CUA v Lyons: recovery of moneys advanced to customer by mistake

In Credit Union Australia Ltd v Lyons [2009] NSWSC 1188 CUA obtained judgment for money advanced to its customer Mrs Lyons under a $300,000 line of credit account, together with interest. The line of credit account was initially secured by registered mortgages, but those mortgages were discharged in 2006 when the loan was re-financed by a third party lender.

By administrative oversight the line of credit account was not closed when the mortgages were discharged. The borrower was able to draw on the account back to its original overdraft limit. It was only when that limit was again exceeded in 2008, and CUA made attempts to obtain repayment, that the relevant officers then dealing with the borrower appreciated that the account was in fact totally unsecured.

In October 2008 CUA served a notice of default on the borrower requiring repayment of what was called the “over limit amount” of then $5,531.55. CUA then threatened to enforce the mortgage if the default were not remedied. However, CUA had no mortgage to enforce.

The defendants are husband and wife. The husband held a power of attorney from his wife who was the borrower. The borrower was seriously injured in a car accident and was suffering from brain damage and was not capable of attending to her own affairs.

The judge said the wife as the borrower was clearly liable for the amounts drawn under the line of credit account, together with interest at the rates provided for in her loan agreement with CUA.

CUA also obtained an order against the husband for money he withdrew and deposited to his account with Westpac totalling $81,700. But it failed to regain its security aganst the properties. The judge ordered a charge on those properties subject to the rights of the new mortgagee which had advanced $805,000.

The judge said:

“22 As I have said, it is clear that the plaintiff allowed drawings on the line of credit account because it was acting under a mistake, and an important mistake, that the account was still secured. There is no direct evidence that either the first defendant or the second defendant was aware of that mistake. As I have said, the defendants have not appeared and so of course they have not put on any evidence. However, it was a term of the agreement on the opening of the line of credit account that it would be secured by mortgages initially over the Hazelbrook property, and subsequently over both the Hazelbrook property and the Ferguson Road, Springwood property.

I infer that the second defendant knew or understood that the further drawings on the account were permitted only by error…

25 I infer that the drawings from the first defendant’s line of credit account which were applied to the second defendant’s account with Westpac, and those which were applied in reduction of the loans secured by mortgages, were drawn by the second defendant acting under power of attorney. His knowledge and understanding of the plaintiff’s mistake, when acting for the first defendant as her agent, would be imputed to her. Hence I infer that both defendants had actual knowledge, or at least imputed knowledge in the case of the first defendant, that the drawings were permitted by the plaintiff by mistake.

26 In those circumstances, and possibly, in the case of the second defendant, even if he had not had such knowledge, the second defendant is liable in an action for restitution, or as it would formerly have been characterised, in an action for money had and received, for the drawings permitted by the plaintiff by mistake, which were applied for his benefit. …

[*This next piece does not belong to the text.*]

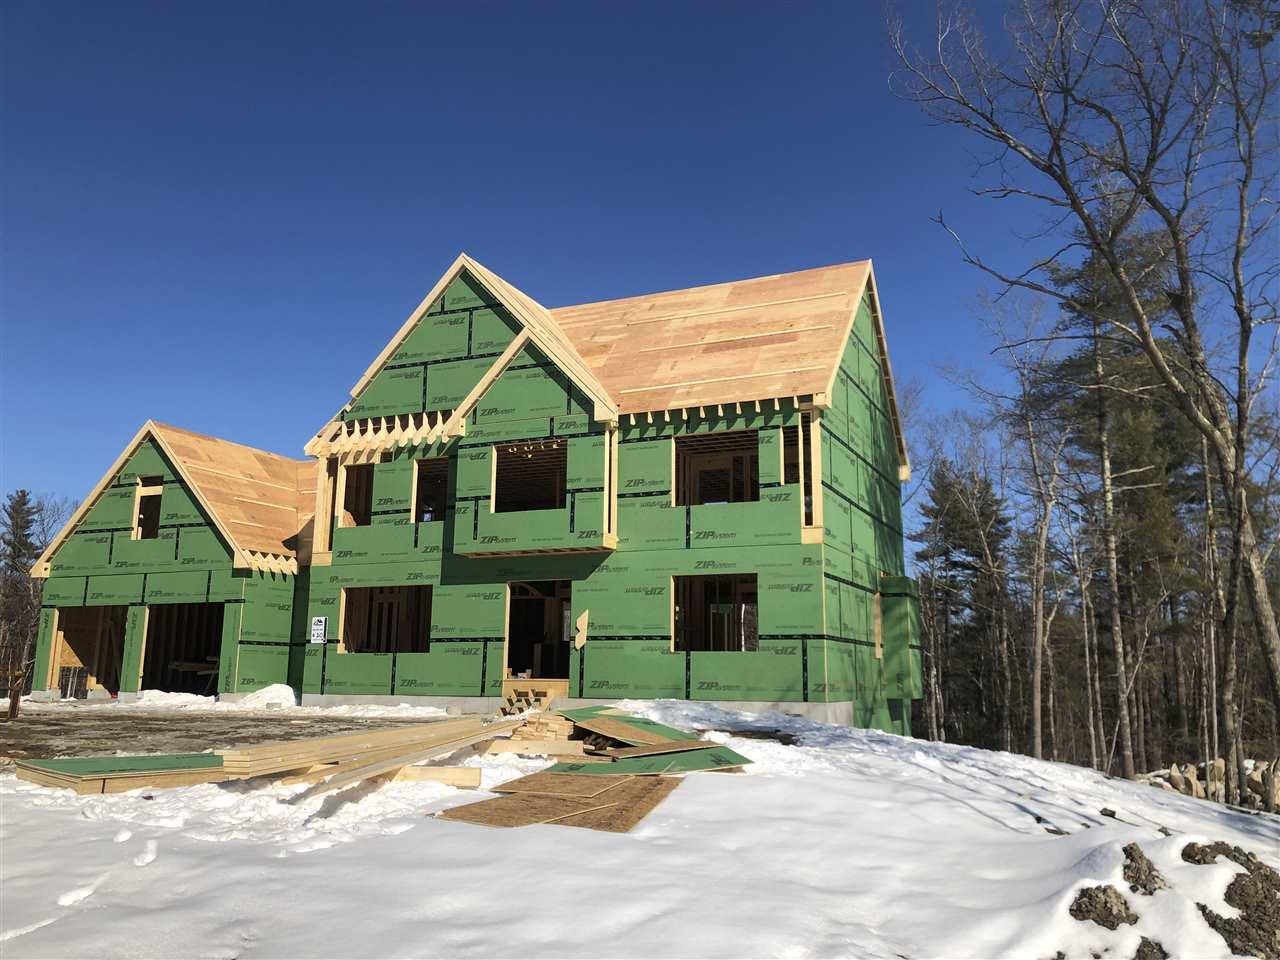 Photo of 10 Timber Woods Drive Salem NH 03079

29 The moneys received by the defendants from the accounts, with knowledge that they were permitted to be drawn as a result of mistake, when the moneys were paid without any consideration passing from the defendants to the plaintiff other than the original promise made by the first defendant in her loan agreement, were at that time impressed with either a constructive or resulting trust in favour of the plaintiff. ..

30 Those moneys were not used as contributions to the purchase price of properties acquired by the first defendant. I do not accept that the plaintiff is entitled to declarations that properties of the first defendant are held by her on trust for the plaintiff. However, as certain of the payments can be traced as having been used to reduce the mortgage debts secured over the properties at Great Western Highway, Springwood, and Great Western Highway, Hazelbrook, the court may treat those lands as charged with the payment to the plaintiff of the amounts so applied. ..

31 There is no evidence that the interests of innocent third parties would be adversely affected by an order charging those lands. The charge will not affect the rights of the registered mortgagees to exercise their power of sale, and will not affect the interests of any other person having prior security over the property without notice of the plaintiff’s claim. It would be against good conscience for the defendants to be permitted to receive any surplus proceeds of sale of the property, free of the plaintiff’s claim for repayment, where the plaintiff’s money was applied to reduce the mortgage debts. That charge should also secure interest on the moneys so applied at the contractual rate.”